**Extracted information**.
┌────────
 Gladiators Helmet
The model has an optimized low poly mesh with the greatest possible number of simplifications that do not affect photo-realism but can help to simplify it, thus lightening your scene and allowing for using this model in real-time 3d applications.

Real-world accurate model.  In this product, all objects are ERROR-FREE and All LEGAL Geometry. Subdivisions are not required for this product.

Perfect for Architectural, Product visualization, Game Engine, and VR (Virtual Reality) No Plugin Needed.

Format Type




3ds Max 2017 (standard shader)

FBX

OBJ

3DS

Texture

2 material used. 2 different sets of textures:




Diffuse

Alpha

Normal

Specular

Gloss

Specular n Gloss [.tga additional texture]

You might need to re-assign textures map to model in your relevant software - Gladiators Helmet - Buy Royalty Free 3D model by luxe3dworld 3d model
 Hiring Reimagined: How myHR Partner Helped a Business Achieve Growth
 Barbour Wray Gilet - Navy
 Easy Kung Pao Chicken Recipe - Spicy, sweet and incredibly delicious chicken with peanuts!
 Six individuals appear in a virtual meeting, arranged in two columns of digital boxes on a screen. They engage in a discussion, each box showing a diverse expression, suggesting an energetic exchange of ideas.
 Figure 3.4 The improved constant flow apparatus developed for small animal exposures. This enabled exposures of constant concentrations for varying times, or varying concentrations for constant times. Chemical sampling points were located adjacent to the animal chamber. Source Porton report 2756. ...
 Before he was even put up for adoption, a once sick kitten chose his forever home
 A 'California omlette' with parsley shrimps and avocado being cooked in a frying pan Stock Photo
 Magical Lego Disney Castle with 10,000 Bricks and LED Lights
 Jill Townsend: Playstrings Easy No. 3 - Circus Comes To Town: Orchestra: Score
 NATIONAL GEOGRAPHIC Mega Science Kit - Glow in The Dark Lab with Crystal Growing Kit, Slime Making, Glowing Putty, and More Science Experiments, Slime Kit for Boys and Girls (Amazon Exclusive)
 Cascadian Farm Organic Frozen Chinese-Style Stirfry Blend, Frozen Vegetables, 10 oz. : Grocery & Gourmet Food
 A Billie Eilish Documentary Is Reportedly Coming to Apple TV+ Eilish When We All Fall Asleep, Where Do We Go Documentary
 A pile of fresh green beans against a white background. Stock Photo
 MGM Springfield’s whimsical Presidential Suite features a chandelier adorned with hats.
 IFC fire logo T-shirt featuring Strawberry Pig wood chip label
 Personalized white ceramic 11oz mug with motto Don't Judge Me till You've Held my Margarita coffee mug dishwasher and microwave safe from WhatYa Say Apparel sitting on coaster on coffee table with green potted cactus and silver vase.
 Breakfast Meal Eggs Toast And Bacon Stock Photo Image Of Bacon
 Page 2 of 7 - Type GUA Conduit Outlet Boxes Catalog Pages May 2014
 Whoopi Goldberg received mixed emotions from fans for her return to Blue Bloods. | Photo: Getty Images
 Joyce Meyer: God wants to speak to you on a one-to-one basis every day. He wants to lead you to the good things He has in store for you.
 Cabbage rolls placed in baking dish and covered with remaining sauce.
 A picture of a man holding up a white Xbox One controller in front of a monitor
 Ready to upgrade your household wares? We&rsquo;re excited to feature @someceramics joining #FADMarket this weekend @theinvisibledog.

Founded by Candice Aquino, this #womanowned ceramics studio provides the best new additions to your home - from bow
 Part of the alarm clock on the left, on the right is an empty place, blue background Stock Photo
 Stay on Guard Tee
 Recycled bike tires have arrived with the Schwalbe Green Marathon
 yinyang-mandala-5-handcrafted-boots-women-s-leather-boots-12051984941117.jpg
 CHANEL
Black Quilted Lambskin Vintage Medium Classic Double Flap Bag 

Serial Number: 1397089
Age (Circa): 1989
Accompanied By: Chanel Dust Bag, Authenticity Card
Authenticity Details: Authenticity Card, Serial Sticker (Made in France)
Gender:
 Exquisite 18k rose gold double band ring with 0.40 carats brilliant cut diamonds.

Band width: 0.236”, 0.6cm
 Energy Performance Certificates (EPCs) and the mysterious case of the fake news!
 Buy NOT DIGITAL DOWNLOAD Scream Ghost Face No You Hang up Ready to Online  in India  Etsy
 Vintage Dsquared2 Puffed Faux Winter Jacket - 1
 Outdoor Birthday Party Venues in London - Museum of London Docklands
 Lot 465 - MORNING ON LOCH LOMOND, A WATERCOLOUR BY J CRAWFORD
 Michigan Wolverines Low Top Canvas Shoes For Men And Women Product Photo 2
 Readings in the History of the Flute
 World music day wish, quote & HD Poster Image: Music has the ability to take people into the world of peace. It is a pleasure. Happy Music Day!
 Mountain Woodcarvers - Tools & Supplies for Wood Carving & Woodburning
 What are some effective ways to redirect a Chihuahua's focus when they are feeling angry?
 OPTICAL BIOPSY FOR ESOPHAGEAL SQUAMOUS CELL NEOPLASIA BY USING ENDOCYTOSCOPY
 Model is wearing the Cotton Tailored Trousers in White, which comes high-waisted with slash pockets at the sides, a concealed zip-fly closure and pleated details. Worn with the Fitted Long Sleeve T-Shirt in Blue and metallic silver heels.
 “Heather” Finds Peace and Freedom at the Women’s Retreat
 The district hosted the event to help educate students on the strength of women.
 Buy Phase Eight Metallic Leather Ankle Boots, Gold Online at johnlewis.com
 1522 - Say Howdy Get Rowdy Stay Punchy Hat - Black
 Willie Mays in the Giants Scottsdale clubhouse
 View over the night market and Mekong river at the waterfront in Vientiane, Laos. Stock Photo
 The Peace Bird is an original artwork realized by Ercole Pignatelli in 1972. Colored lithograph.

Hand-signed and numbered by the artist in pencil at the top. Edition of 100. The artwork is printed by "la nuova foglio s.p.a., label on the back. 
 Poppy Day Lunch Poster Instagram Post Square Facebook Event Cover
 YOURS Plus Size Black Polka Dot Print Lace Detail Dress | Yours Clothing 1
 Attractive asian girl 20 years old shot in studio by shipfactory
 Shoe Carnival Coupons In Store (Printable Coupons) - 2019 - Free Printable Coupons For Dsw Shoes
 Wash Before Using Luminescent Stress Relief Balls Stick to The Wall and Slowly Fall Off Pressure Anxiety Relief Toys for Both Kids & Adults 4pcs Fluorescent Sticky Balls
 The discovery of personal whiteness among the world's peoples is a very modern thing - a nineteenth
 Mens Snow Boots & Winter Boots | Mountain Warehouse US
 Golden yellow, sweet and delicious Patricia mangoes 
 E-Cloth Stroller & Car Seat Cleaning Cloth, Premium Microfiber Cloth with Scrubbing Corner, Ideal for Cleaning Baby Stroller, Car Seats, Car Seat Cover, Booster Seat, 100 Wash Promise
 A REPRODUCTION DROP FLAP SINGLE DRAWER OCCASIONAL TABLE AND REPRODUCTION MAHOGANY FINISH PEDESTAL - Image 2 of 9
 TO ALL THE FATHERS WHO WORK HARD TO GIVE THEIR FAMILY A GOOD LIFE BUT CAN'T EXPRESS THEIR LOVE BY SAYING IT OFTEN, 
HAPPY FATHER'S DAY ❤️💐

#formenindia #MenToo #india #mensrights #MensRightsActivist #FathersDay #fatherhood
└────────
**Your objective**.
Pull out each record as written and restate it exactly.

**Expected answer**.
 Gladiators Helmet
The model has an optimized low poly mesh with the greatest possible number of simplifications that do not affect photo-realism but can help to simplify it, thus lightening your scene and allowing for using this model in real-time 3d applications.

Real-world accurate model.  In this product, all objects are ERROR-FREE and All LEGAL Geometry. Subdivisions are not required for this product.

Perfect for Architectural, Product visualization, Game Engine, and VR (Virtual Reality) No Plugin Needed.

Format Type




3ds Max 2017 (standard shader)

FBX

OBJ

3DS

Texture

2 material used. 2 different sets of textures:




Diffuse

Alpha

Normal

Specular

Gloss

Specular n Gloss [.tga additional texture]

You might need to re-assign textures map to model in your relevant software - Gladiators Helmet - Buy Royalty Free 3D model by luxe3dworld 3d model
 Hiring Reimagined: How myHR Partner Helped a Business Achieve Growth
 Barbour Wray Gilet - Navy
 Easy Kung Pao Chicken Recipe - Spicy, sweet and incredibly delicious chicken with peanuts!
 Six individuals appear in a virtual meeting, arranged in two columns of digital boxes on a screen. They engage in a discussion, each box showing a diverse expression, suggesting an energetic exchange of ideas.
 Figure 3.4 The improved constant flow apparatus developed for small animal exposures. This enabled exposures of constant concentrations for varying times, or varying concentrations for constant times. Chemical sampling points were located adjacent to the animal chamber. Source Porton report 2756. ...
 Before he was even put up for adoption, a once sick kitten chose his forever home
 A 'California omlette' with parsley shrimps and avocado being cooked in a frying pan Stock Photo
 Magical Lego Disney Castle with 10,000 Bricks and LED Lights
 Jill Townsend: Playstrings Easy No. 3 - Circus Comes To Town: Orchestra: Score
 NATIONAL GEOGRAPHIC Mega Science Kit - Glow in The Dark Lab with Crystal Growing Kit, Slime Making, Glowing Putty, and More Science Experiments, Slime Kit for Boys and Girls (Amazon Exclusive)
 Cascadian Farm Organic Frozen Chinese-Style Stirfry Blend, Frozen Vegetables, 10 oz. : Grocery & Gourmet Food
 A Billie Eilish Documentary Is Reportedly Coming to Apple TV+ Eilish When We All Fall Asleep, Where Do We Go Documentary
 A pile of fresh green beans against a white background. Stock Photo
 MGM Springfield’s whimsical Presidential Suite features a chandelier adorned with hats.
 IFC fire logo T-shirt featuring Strawberry Pig wood chip label
 Personalized white ceramic 11oz mug with motto Don't Judge Me till You've Held my Margarita coffee mug dishwasher and microwave safe from WhatYa Say Apparel sitting on coaster on coffee table with green potted cactus and silver vase.
 Breakfast Meal Eggs Toast And Bacon Stock Photo Image Of Bacon
 Page 2 of 7 - Type GUA Conduit Outlet Boxes Catalog Pages May 2014
 Whoopi Goldberg received mixed emotions from fans for her return to Blue Bloods. | Photo: Getty Images
 Joyce Meyer: God wants to speak to you on a one-to-one basis every day. He wants to lead you to the good things He has in store for you.
 Cabbage rolls placed in baking dish and covered with remaining sauce.
 A picture of a man holding up a white Xbox One controller in front of a monitor
 Ready to upgrade your household wares? We&rsquo;re excited to feature @someceramics joining #FADMarket this weekend @theinvisibledog.

Founded by Candice Aquino, this #womanowned ceramics studio provides the best new additions to your home - from bow
 Part of the alarm clock on the left, on the right is an empty place, blue background Stock Photo
 Stay on Guard Tee
 Recycled bike tires have arrived with the Schwalbe Green Marathon
 yinyang-mandala-5-handcrafted-boots-women-s-leather-boots-12051984941117.jpg
 CHANEL
Black Quilted Lambskin Vintage Medium Classic Double Flap Bag 

Serial Number: 1397089
Age (Circa): 1989
Accompanied By: Chanel Dust Bag, Authenticity Card
Authenticity Details: Authenticity Card, Serial Sticker (Made in France)
Gender:
 Exquisite 18k rose gold double band ring with 0.40 carats brilliant cut diamonds.

Band width: 0.236”, 0.6cm
 Energy Performance Certificates (EPCs) and the mysterious case of the fake news!
 Buy NOT DIGITAL DOWNLOAD Scream Ghost Face No You Hang up Ready to Online  in India  Etsy
 Vintage Dsquared2 Puffed Faux Winter Jacket - 1
 Outdoor Birthday Party Venues in London - Museum of London Docklands
 Lot 465 - MORNING ON LOCH LOMOND, A WATERCOLOUR BY J CRAWFORD
 Michigan Wolverines Low Top Canvas Shoes For Men And Women Product Photo 2
 Readings in the History of the Flute
 World music day wish, quote & HD Poster Image: Music has the ability to take people into the world of peace. It is a pleasure. Happy Music Day!
 Mountain Woodcarvers - Tools & Supplies for Wood Carving & Woodburning
 What are some effective ways to redirect a Chihuahua's focus when they are feeling angry?
 OPTICAL BIOPSY FOR ESOPHAGEAL SQUAMOUS CELL NEOPLASIA BY USING ENDOCYTOSCOPY
 Model is wearing the Cotton Tailored Trousers in White, which comes high-waisted with slash pockets at the sides, a concealed zip-fly closure and pleated details. Worn with the Fitted Long Sleeve T-Shirt in Blue and metallic silver heels.
 “Heather” Finds Peace and Freedom at the Women’s Retreat
 The district hosted the event to help educate students on the strength of women.
 Buy Phase Eight Metallic Leather Ankle Boots, Gold Online at johnlewis.com
 1522 - Say Howdy Get Rowdy Stay Punchy Hat - Black
 Willie Mays in the Giants Scottsdale clubhouse
 View over the night market and Mekong river at the waterfront in Vientiane, Laos. Stock Photo
 The Peace Bird is an original artwork realized by Ercole Pignatelli in 1972. Colored lithograph.

Hand-signed and numbered by the artist in pencil at the top. Edition of 100. The artwork is printed by "la nuova foglio s.p.a., label on the back. 
 Poppy Day Lunch Poster Instagram Post Square Facebook Event Cover
 YOURS Plus Size Black Polka Dot Print Lace Detail Dress | Yours Clothing 1
 Attractive asian girl 20 years old shot in studio by shipfactory
 Shoe Carnival Coupons In Store (Printable Coupons) - 2019 - Free Printable Coupons For Dsw Shoes
 Wash Before Using Luminescent Stress Relief Balls Stick to The Wall and Slowly Fall Off Pressure Anxiety Relief Toys for Both Kids & Adults 4pcs Fluorescent Sticky Balls
 The discovery of personal whiteness among the world's peoples is a very modern thing - a nineteenth
 Mens Snow Boots & Winter Boots | Mountain Warehouse US
 Golden yellow, sweet and delicious Patricia mangoes 
 E-Cloth Stroller & Car Seat Cleaning Cloth, Premium Microfiber Cloth with Scrubbing Corner, Ideal for Cleaning Baby Stroller, Car Seats, Car Seat Cover, Booster Seat, 100 Wash Promise
 A REPRODUCTION DROP FLAP SINGLE DRAWER OCCASIONAL TABLE AND REPRODUCTION MAHOGANY FINISH PEDESTAL - Image 2 of 9
 TO ALL THE FATHERS WHO WORK HARD TO GIVE THEIR FAMILY A GOOD LIFE BUT CAN'T EXPRESS THEIR LOVE BY SAYING IT OFTEN, 
HAPPY FATHER'S DAY ❤️💐

#formenindia #MenToo #india #mensrights #MensRightsActivist #FathersDay #fatherhood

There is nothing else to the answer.